Yeah, don't believe in dogmas, measure. Zero cost abstractions sometimes are anything but.

hinkley · on Sept 20, 2019

And sometimes the surprises can be in the other direction.

Cache thrashing is a thing. And perf analysis tools have bookkeeping errors.

BeeOnRope · on Sept 20, 2019

Those failures were all about top bits, not low bits though weren't they?

What problems did lower bit use cause? You always had to mask it away even on the old boxes, no?

astrobe_ · on Sept 20, 2019

I'm curious, when does it fail?

groby_b · on Sept 20, 2019

That does not hold for Intel x86 architecture chips, which are perfectly happy to have unaligned integers.

As for struct members, the alignment is (of course) "implementation defined", which is the fancy way of throwing up your hands and saying "whatever". (Since C++11 we actually have alignas(), which at least gives manual control)

tynorf · on Sept 20, 2019

Many (most? all?) allocators are guaranteed to give you back aligned pointers.

For instance, jemalloc(3) on amd64 platforms will give back 16-byte aligned pointers:

  [...] The allocated space is suitably aligned
  (after possible pointer coercion) for storage of any type of object.

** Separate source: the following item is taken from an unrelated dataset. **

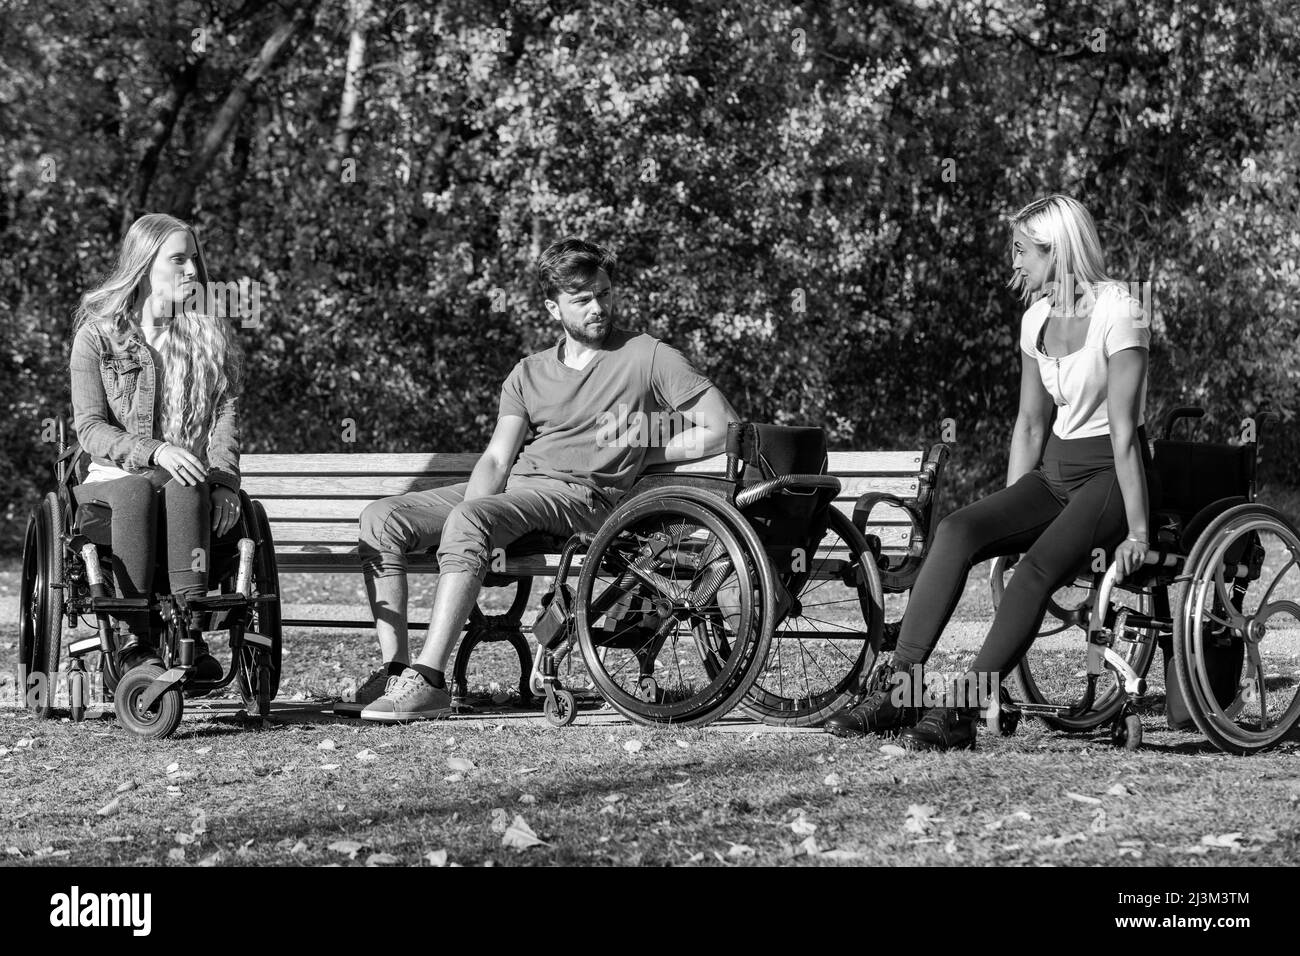 Schwarz-Weiß-Bild einer Gruppe von drei jungen Querschnittsgelähmten in ihren Rollstühlen, die an einem schönen sonnigen Tag gemeinsam in einem Park zu Besuch sind Stockfoto

astrobe_ · on Sept 20, 2019

One can construct an aligned pointer on a chunk of allocated memory by asking for the needed quantity plus the size of the alignment and the "nudge" the pointer you get to the next word boundary (and you can do something with the "wasted" byte before it, like storing the size of the object).

But that sort of trick is only worth it if you are writing a compiler and its runtime, an interpreter, a memory allocator (in particular GCs) or at the very last some sort of high performance library (you would return your "featured pointer" as an opaque type to the user).